Data block
BEGIN
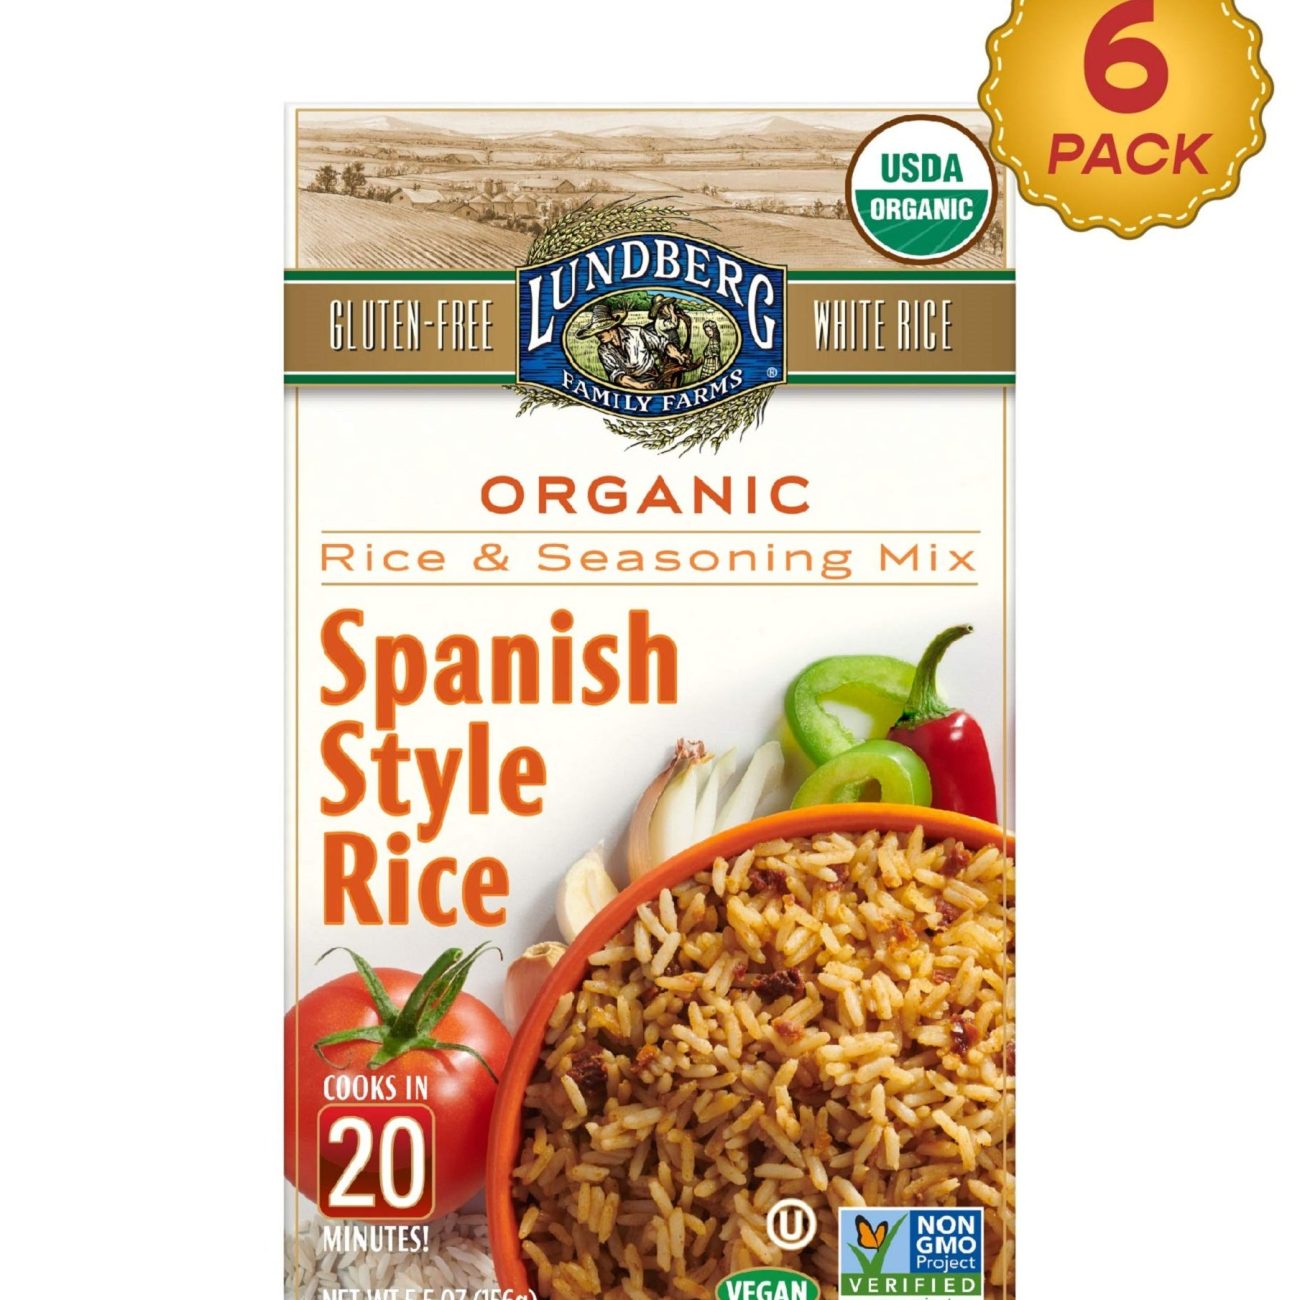 20 Minute Spanish Rice
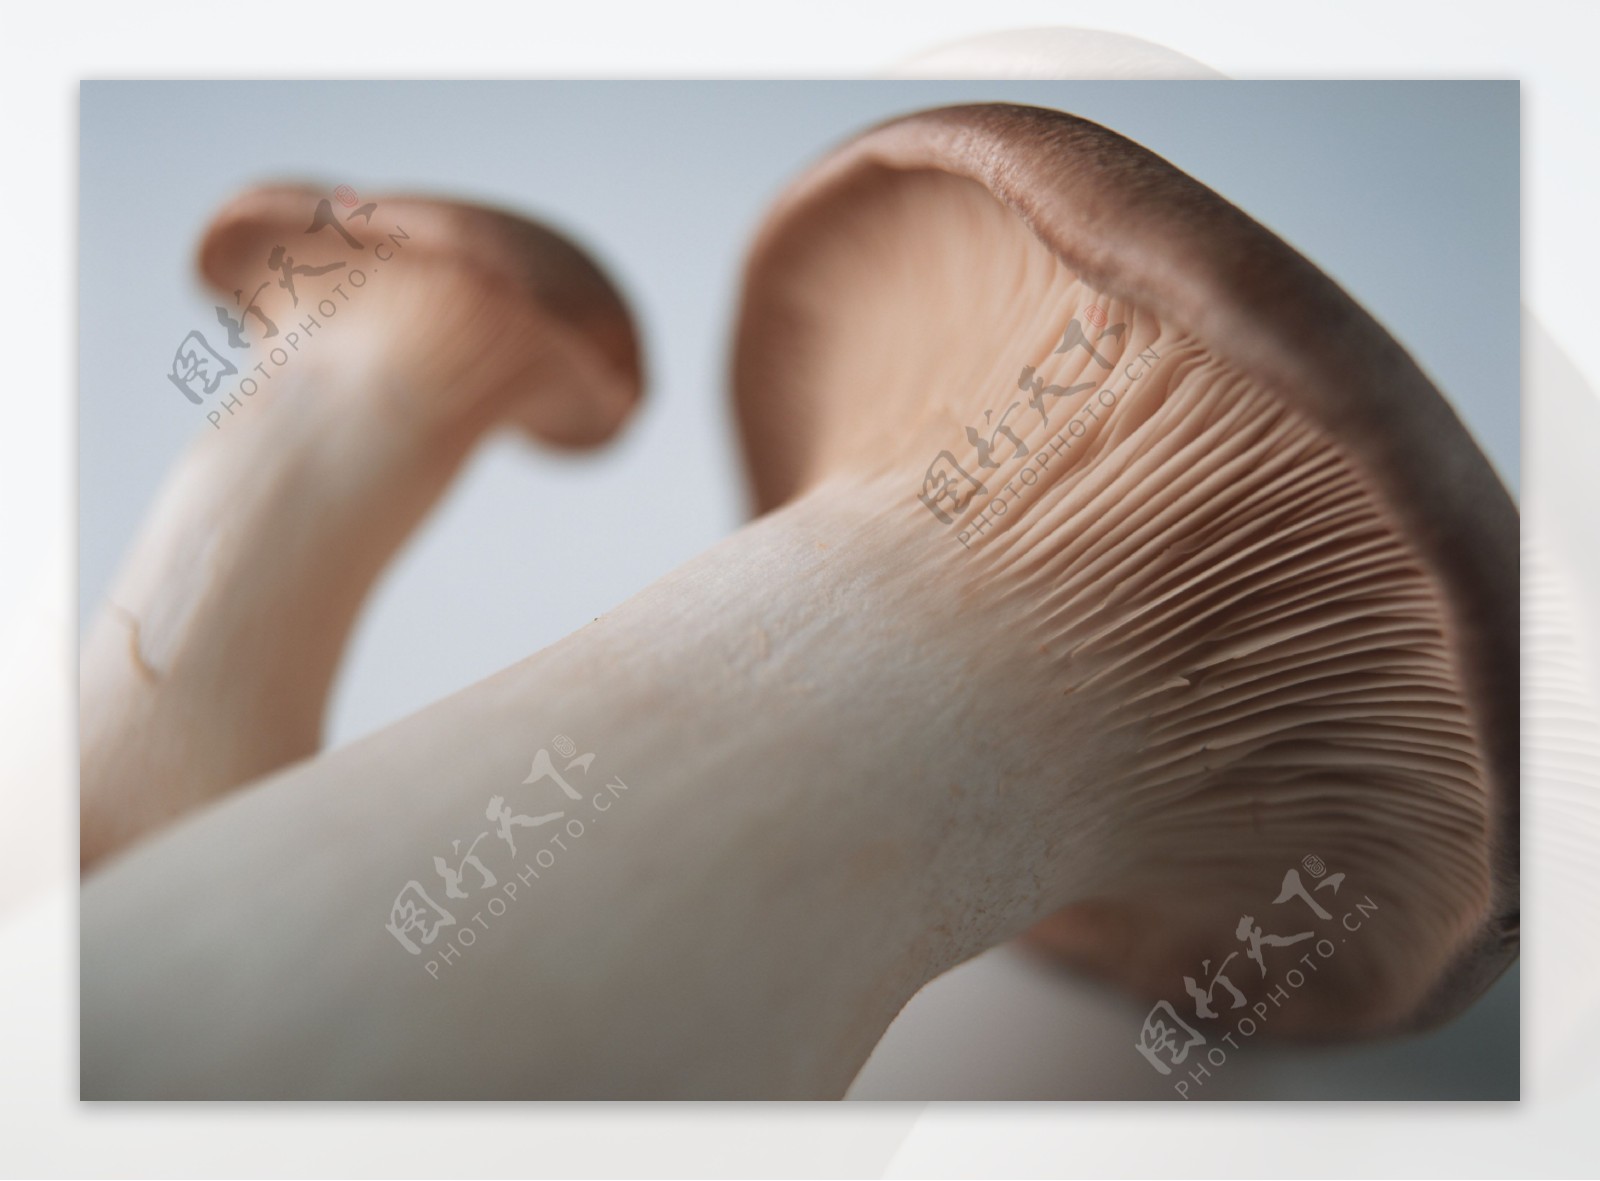 新鲜蘑菇摄影图片
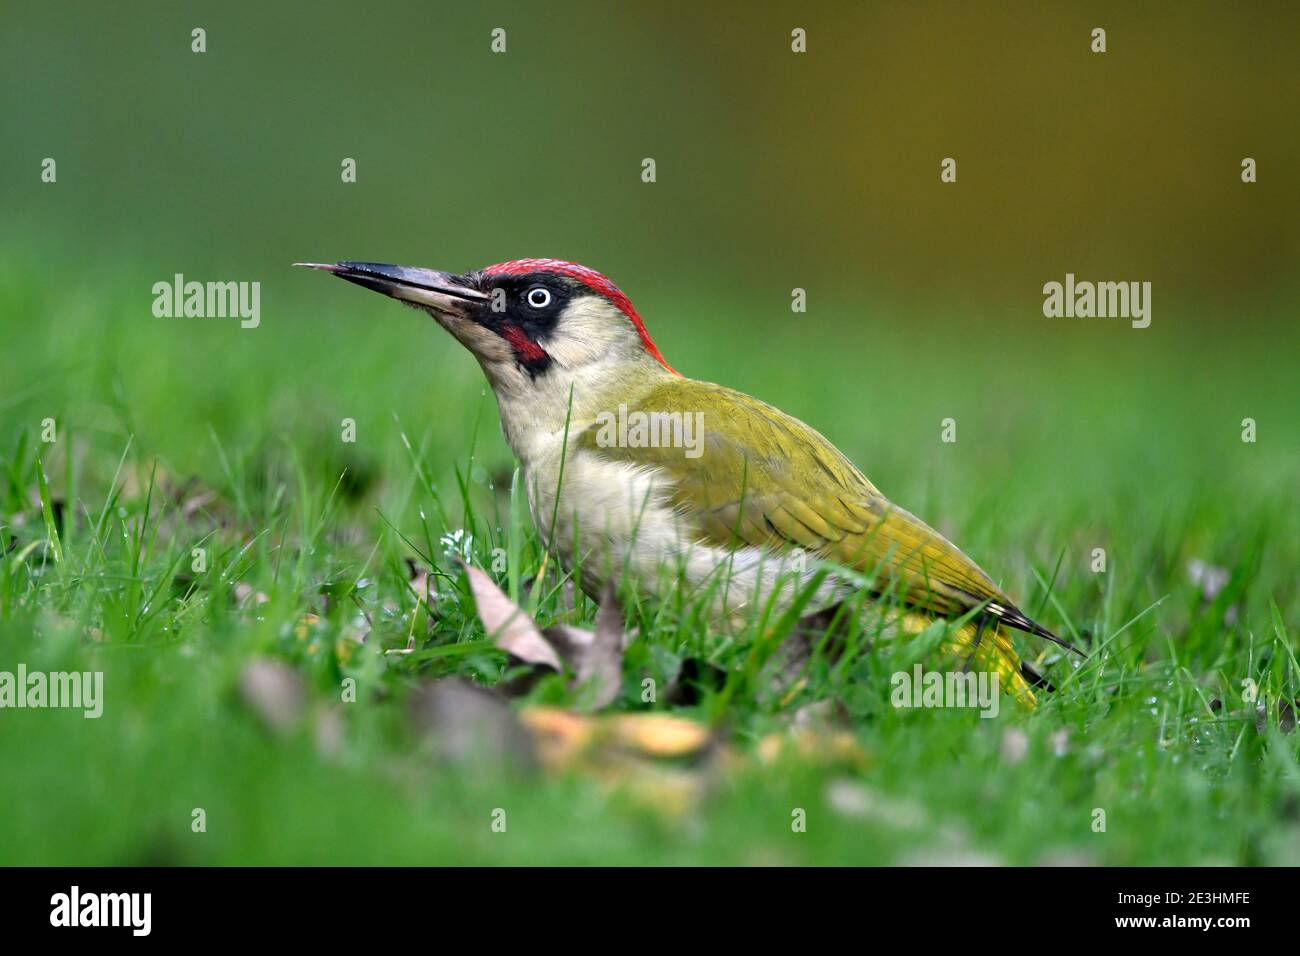 Green Woodpecker (Picus viridis) homme assis sur un sol herbacé, langue allongée, pays de Galles, novembre Banque D'Images
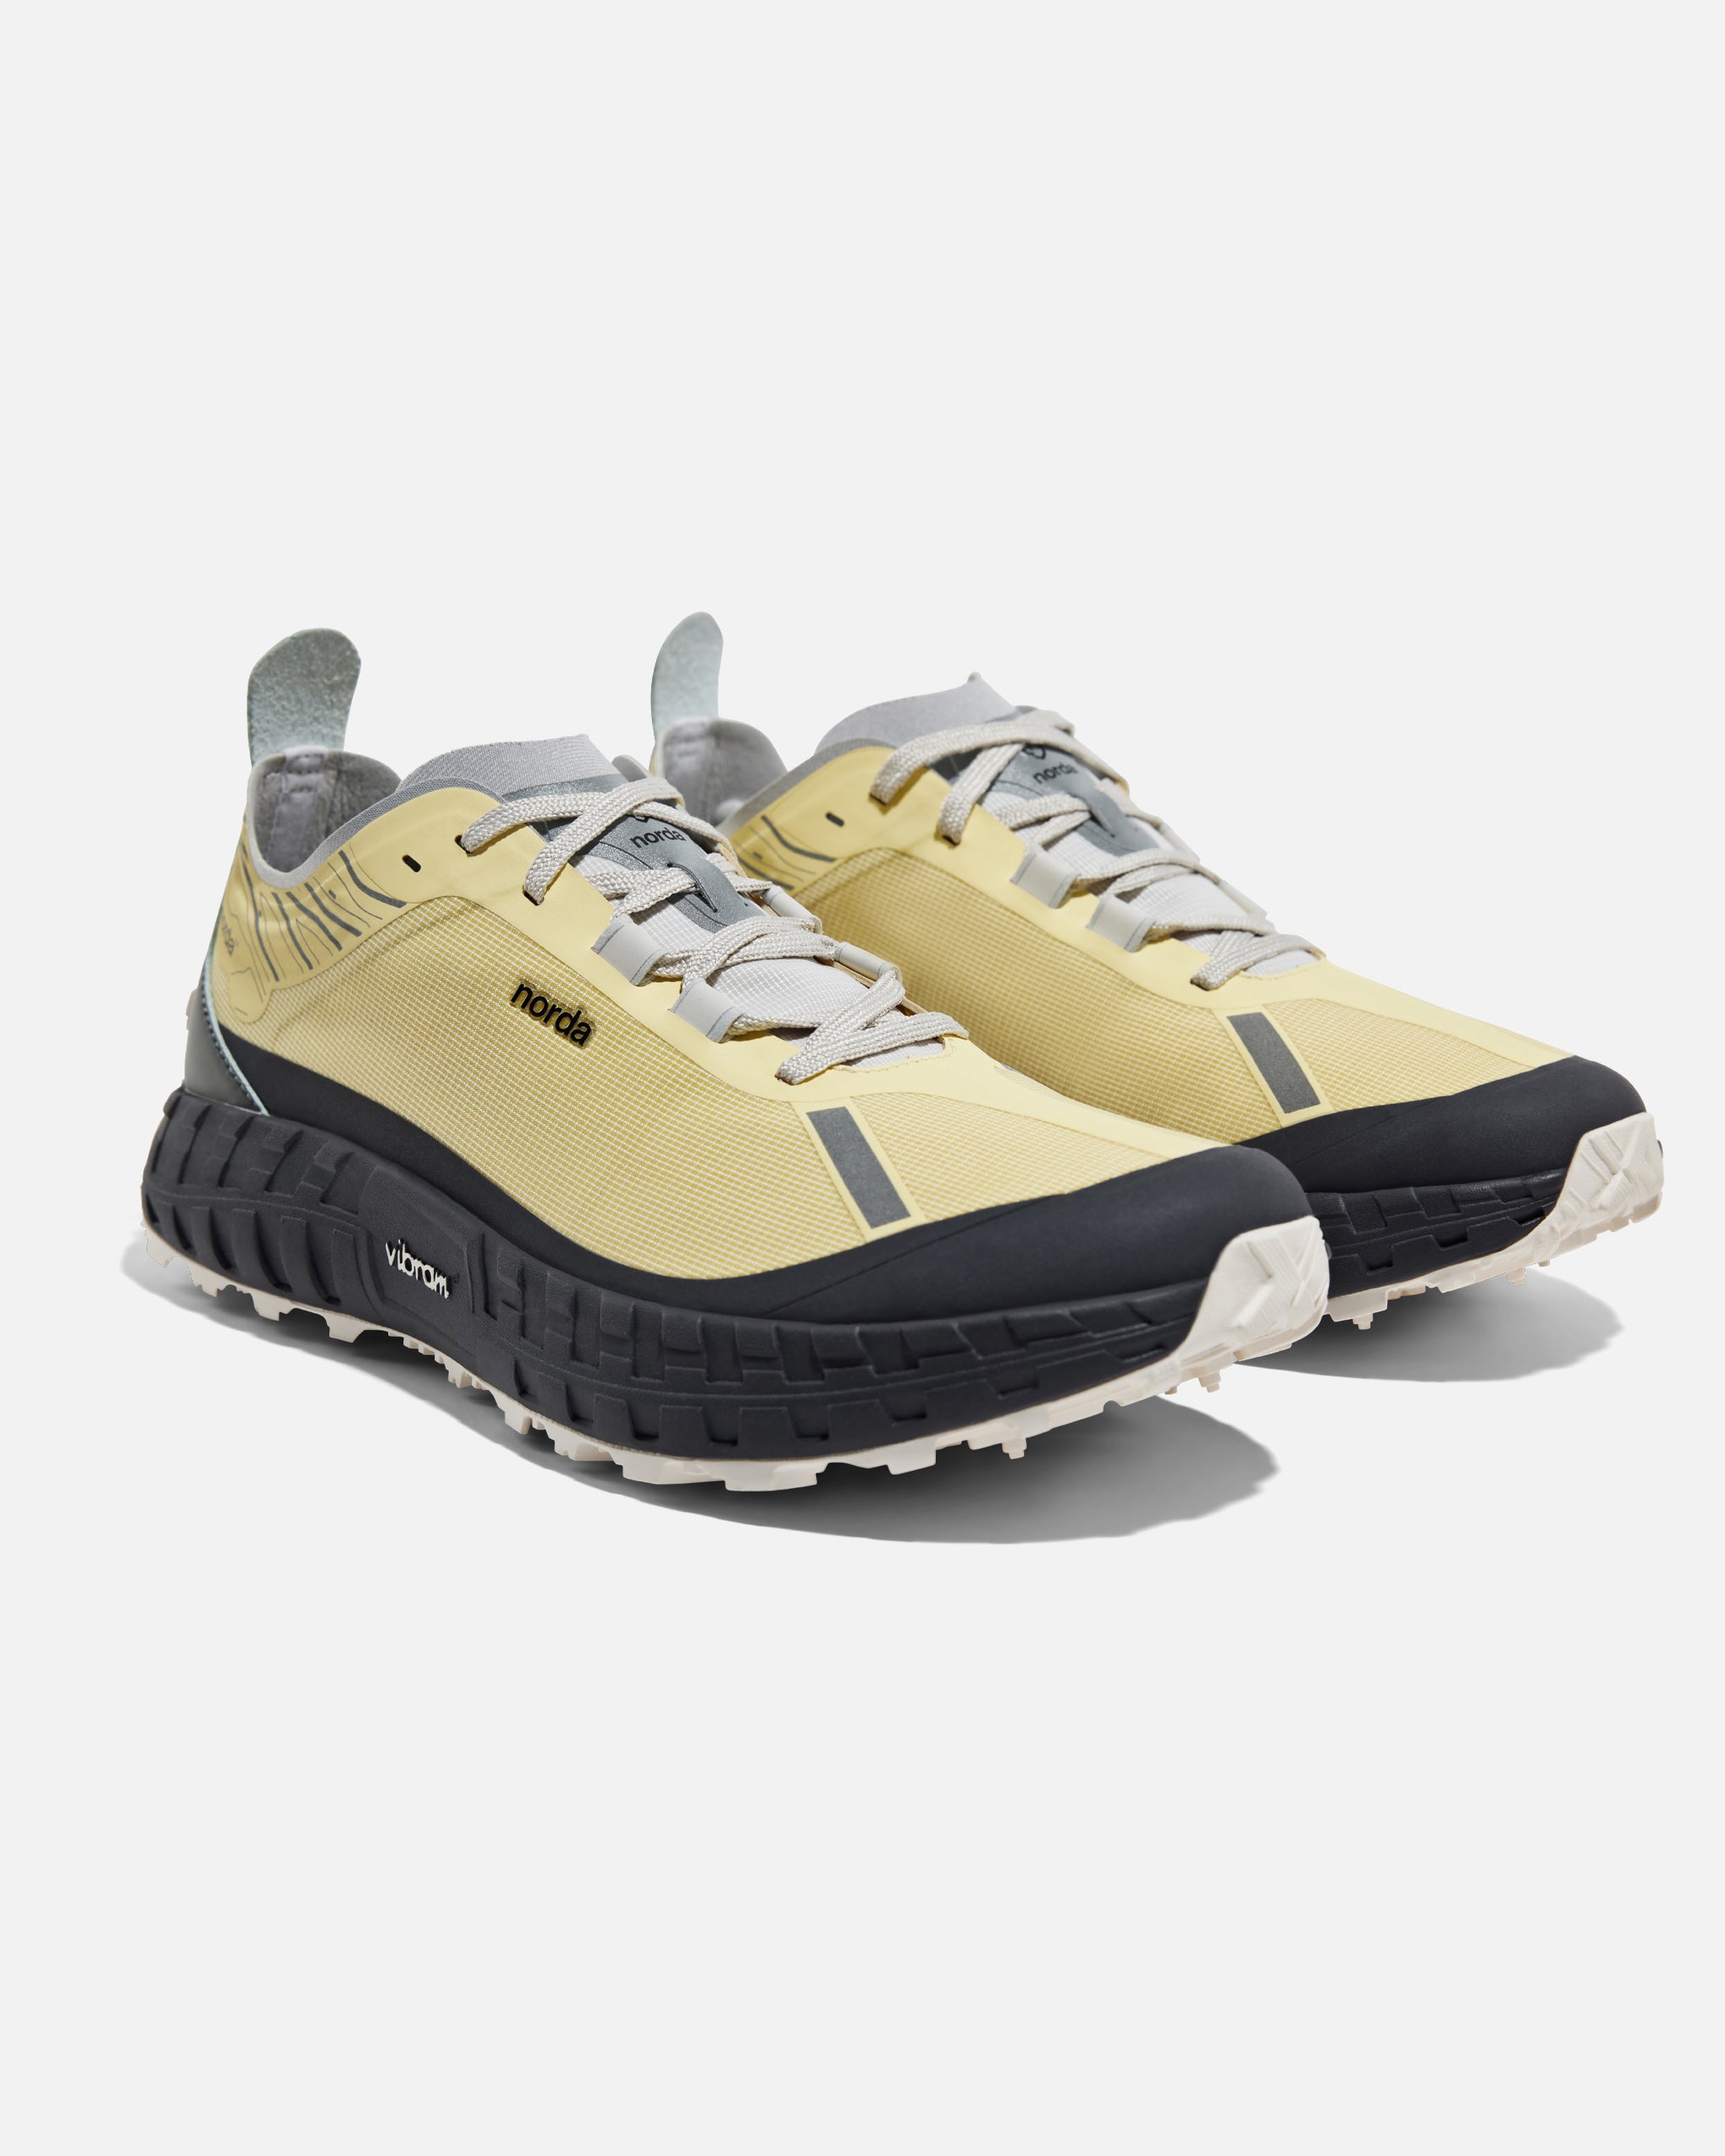 Norda Run 001 Lemon Shoes Sneakers Men
END
Work order
With the pictures removed, output the listing above exactly.

The completed task
 20 Minute Spanish Rice
 新鲜蘑菇摄影图片
 Green Woodpecker (Picus viridis) homme assis sur un sol herbacé, langue allongée, pays de Galles, novembre Banque D'Images
 Norda Run 001 Lemon Shoes Sneakers Men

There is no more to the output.